AddressSanitizer

Denise Ratasich edited this page Mar 11, 2016 · 1 revision

AddressSanitizer was originally implemented in Clang (since Clang 3.1), then ported to GCC (since GCC 4.8). It is useful for diagnosing segmentation faults, memory corruption bugs, double free()s, and other memory management troubles.
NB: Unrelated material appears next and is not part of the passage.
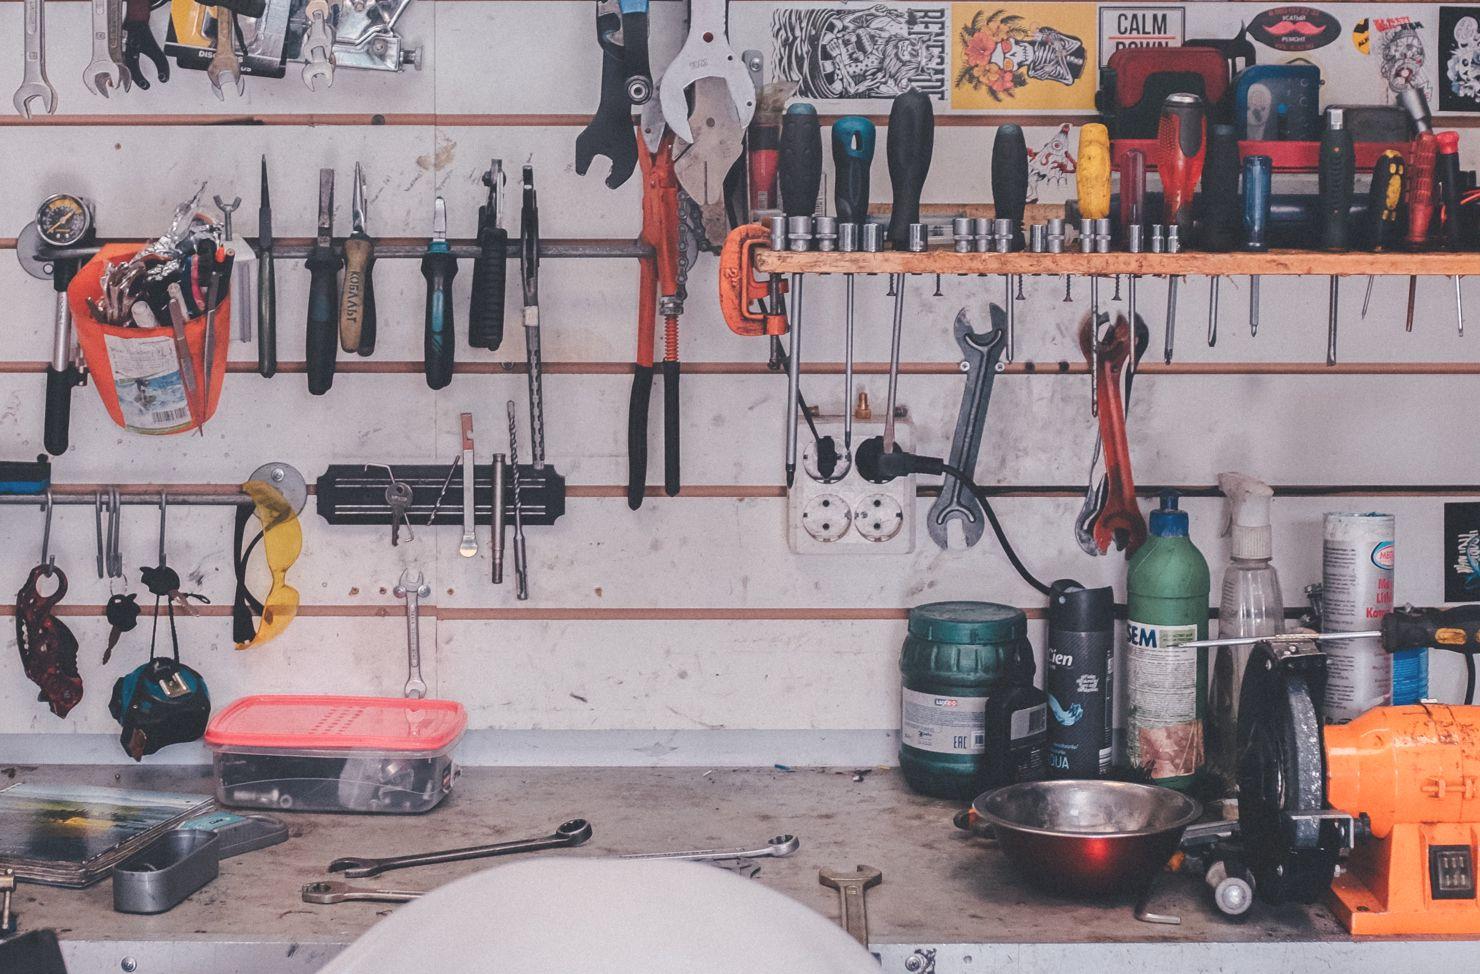 orginised tool shed

Similar to Valgrind's memcheck, it is faster, more accurate, and its output is far more user-friendly, but it must be explicitly compiled into the program, which may modify its timing behavior significantly.

Caveat lector

  • Make sure you compiled your code using the -g switch, which generates debugging symbols and makes the output of AddressSanitizer far easier to follow.
  • Since a majority of memory accesses is checked, AddressSanitizer will slow down any but the most trivial programs.
  • Make sure that your program cleans up after itself properly even if an important system call fails or a signal must be handled.

General usage

To compile AddressSanitizer support into your program, add the compiler flag -fsanitize=address to your GCC or Clang flags.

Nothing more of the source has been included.